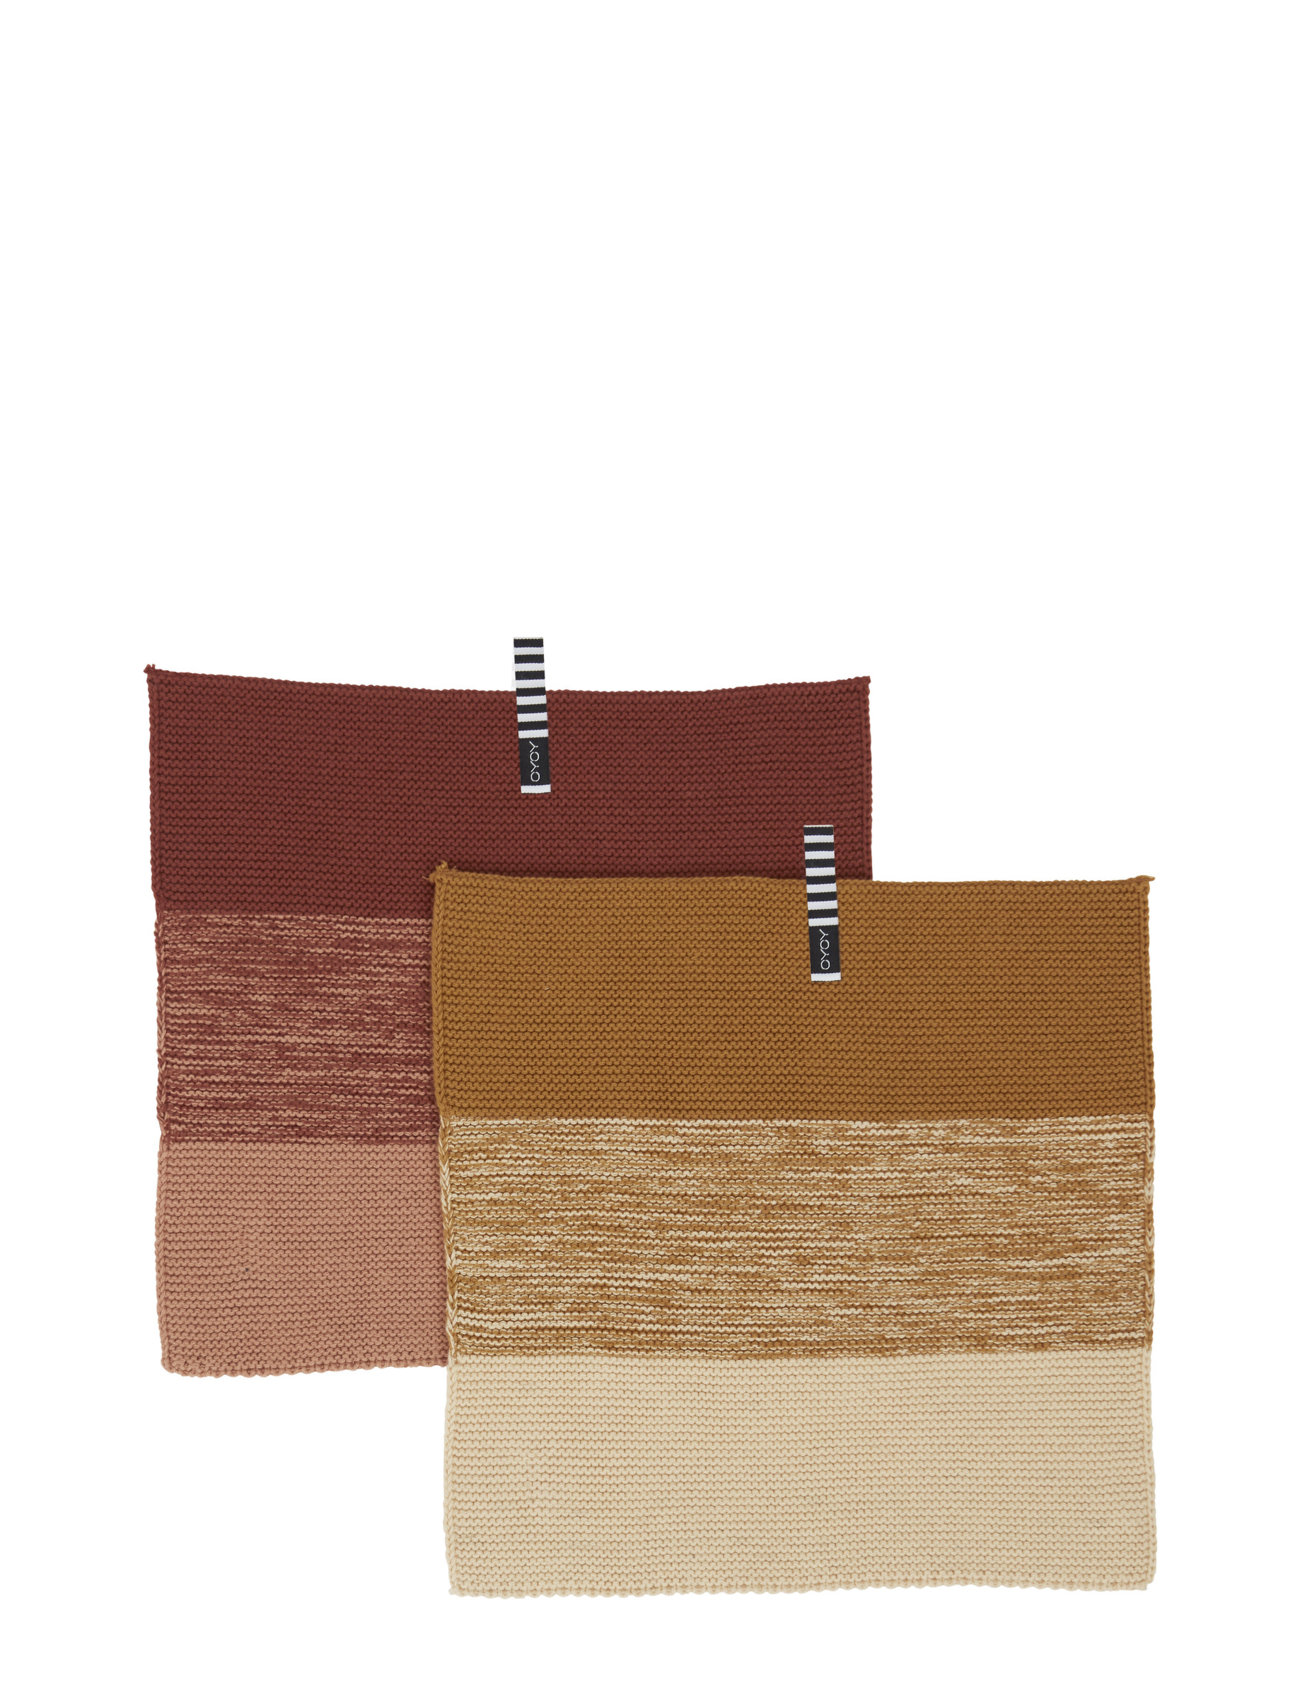 Niji Dish Cloth - Pack Of 2 Home Kitchen Wash & Clean Dishes Cloths & Dishbrush Brown OYOY Living Design
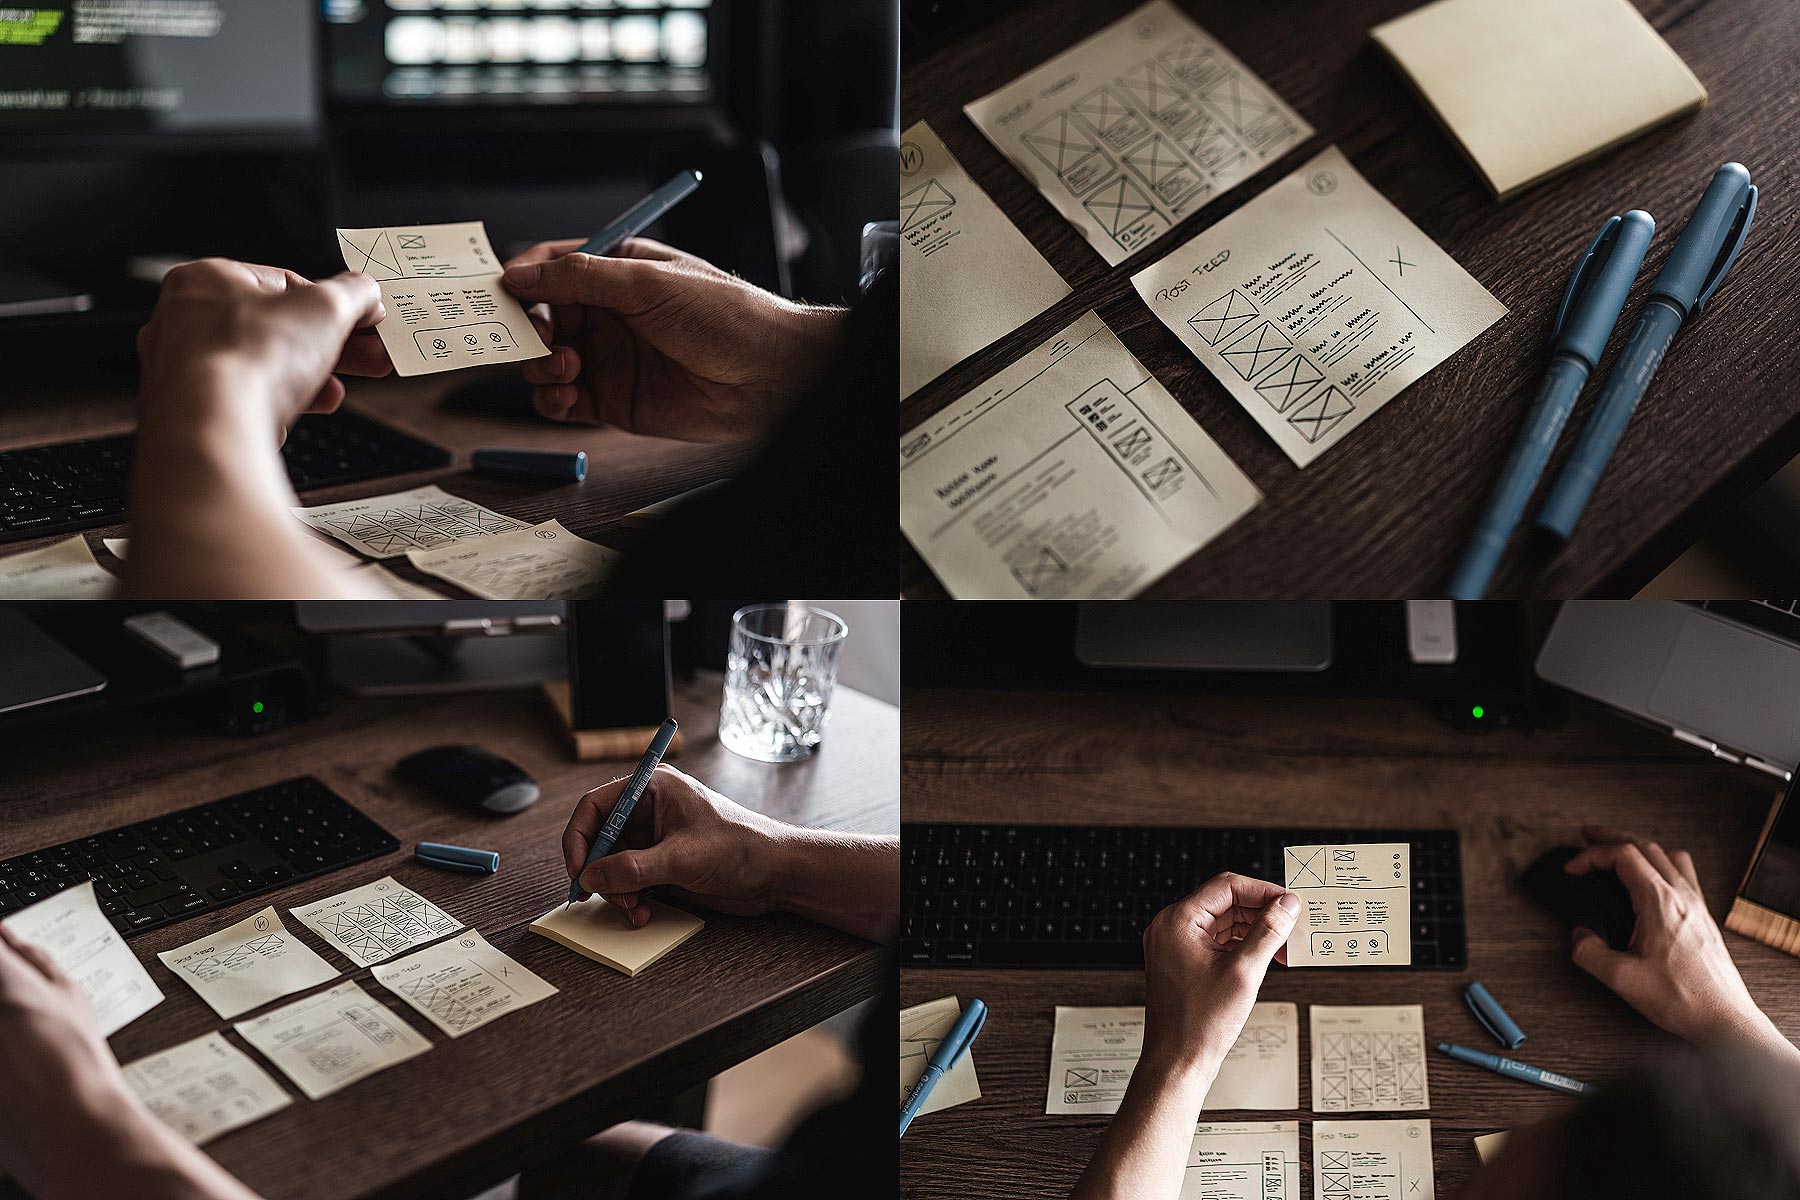 Download hi-res stock photos from our Wireframes PREMIUM Collection!
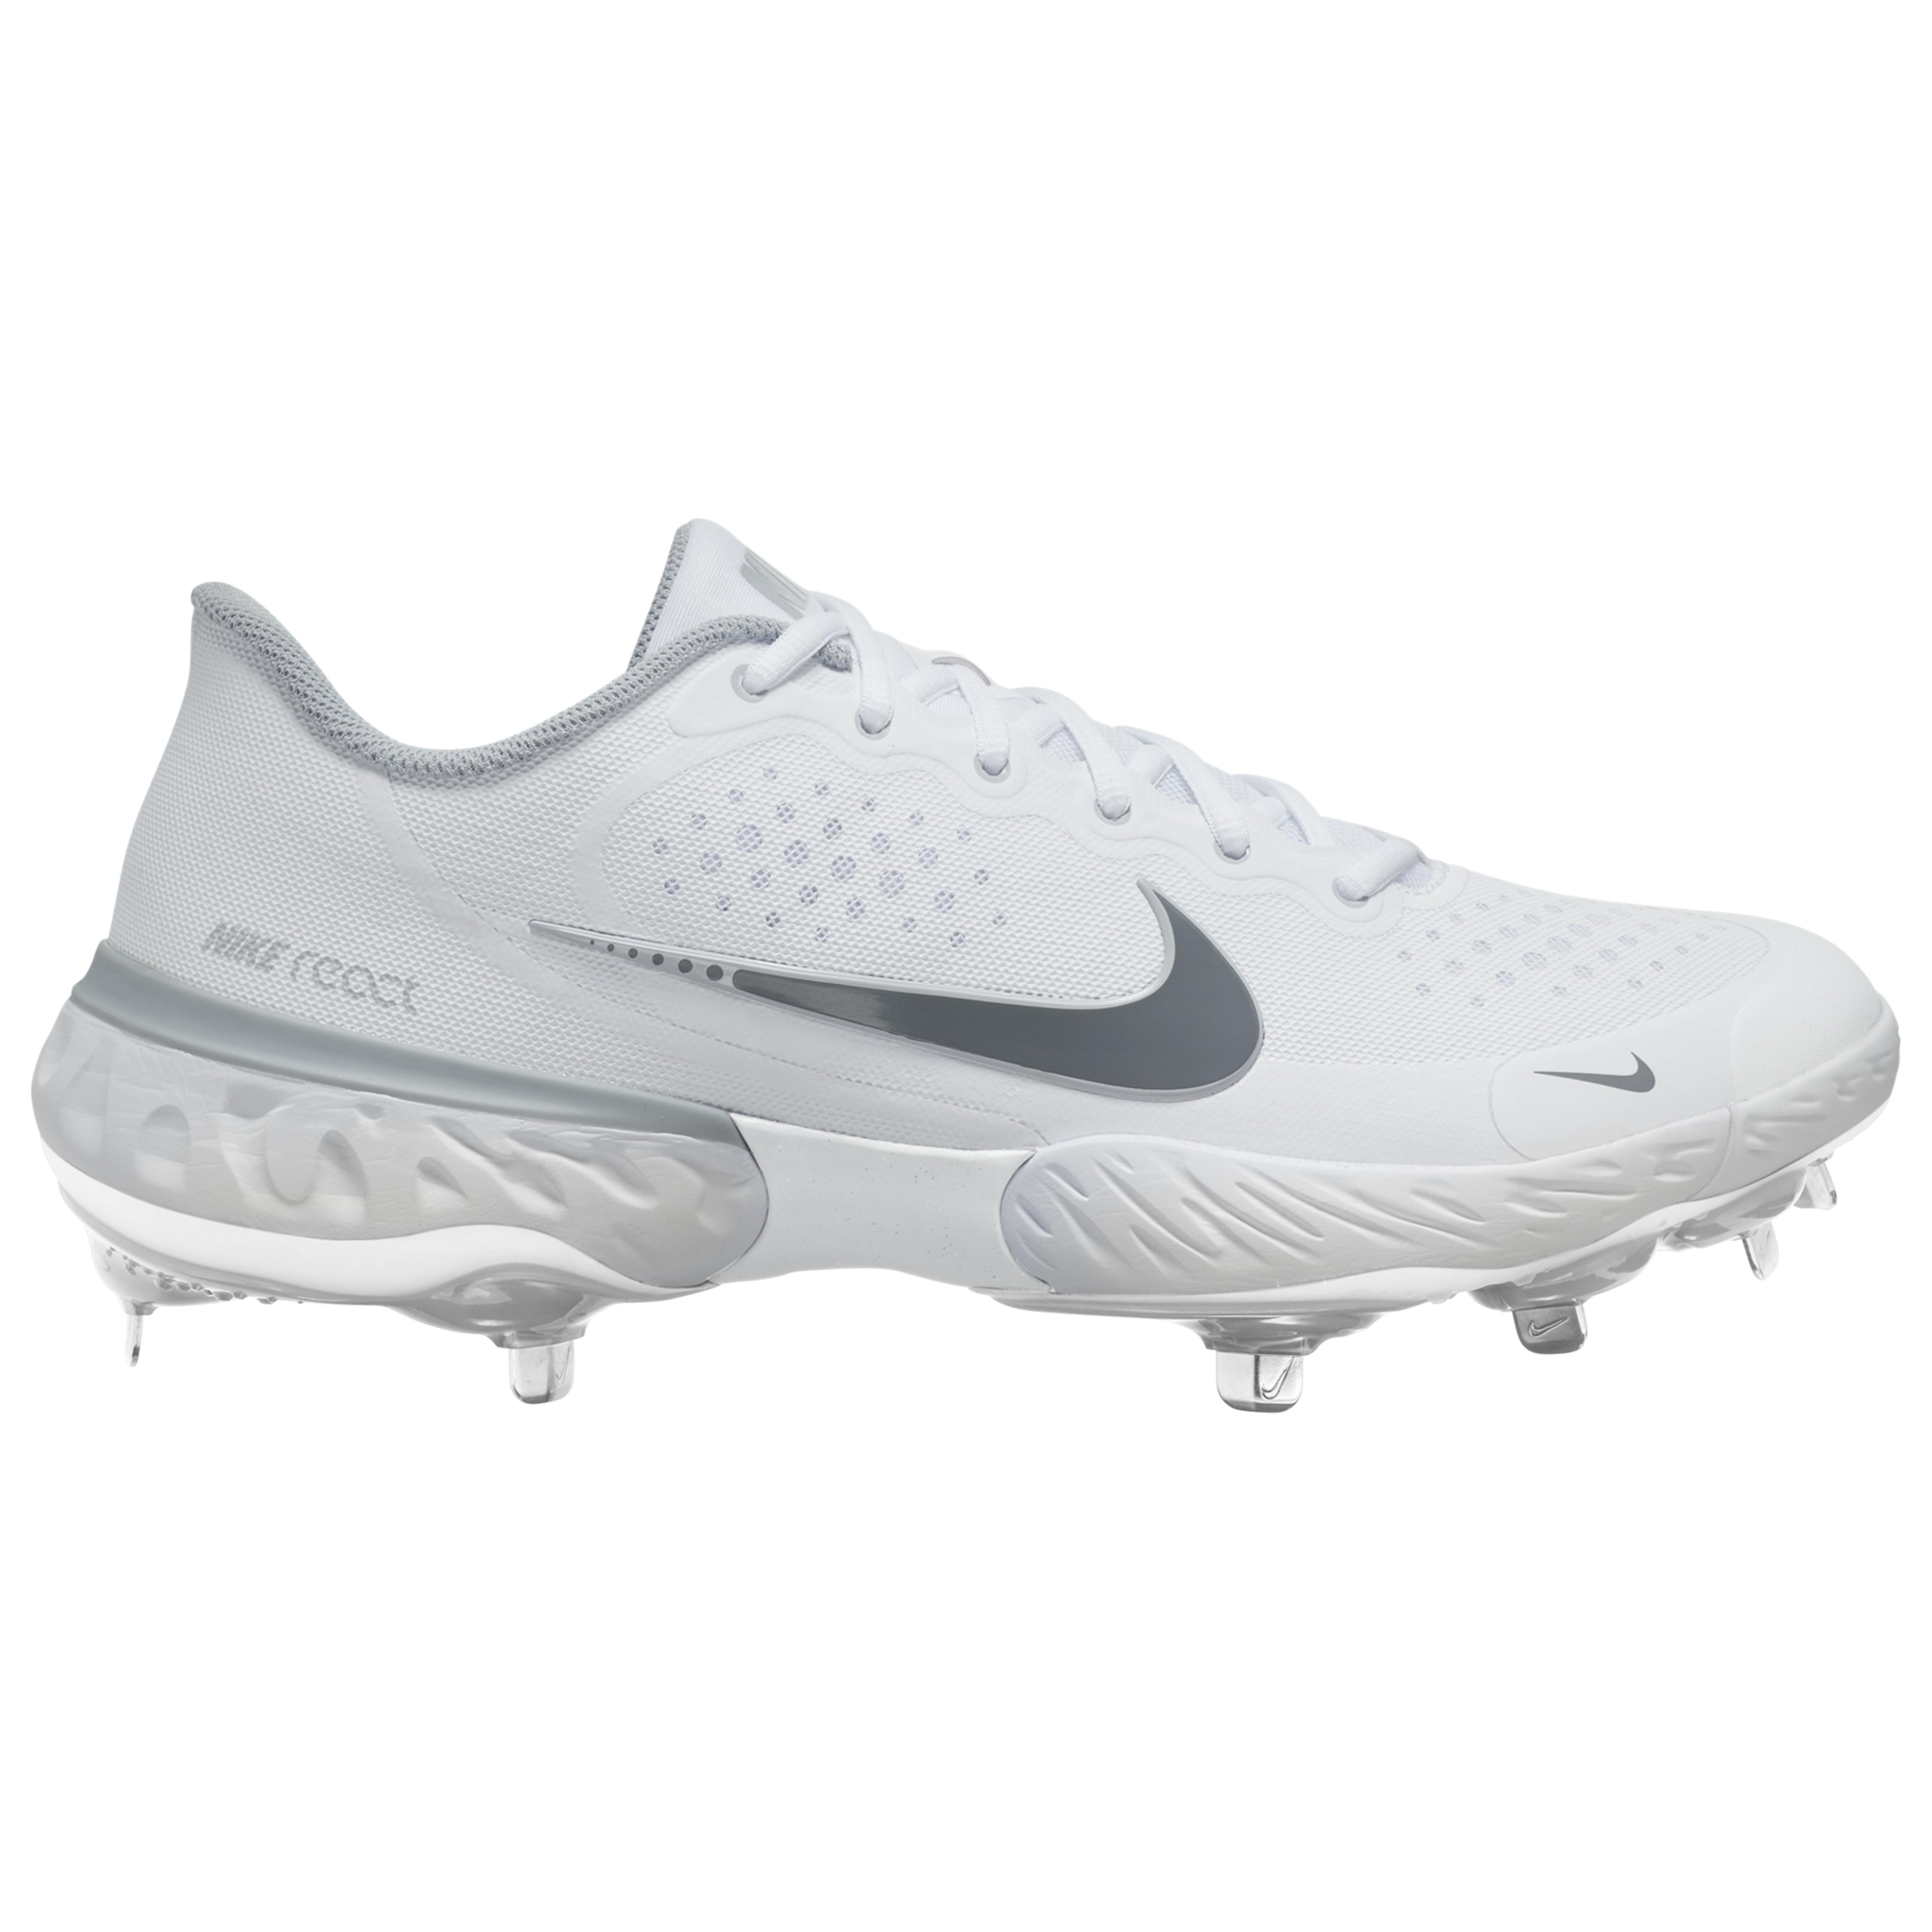 Nike Synthetic Alpha Huarache Elite 3 Low in Gray for Men - Lyst
---------------
• PROBLEM DETAILS
Repeat each line above exactly. The pictures stay out.

• YOUR SOLUTION
 Niji Dish Cloth - Pack Of 2 Home Kitchen Wash & Clean Dishes Cloths & Dishbrush Brown OYOY Living Design
 Download hi-res stock photos from our Wireframes PREMIUM Collection!
 Nike Synthetic Alpha Huarache Elite 3 Low in Gray for Men - Lyst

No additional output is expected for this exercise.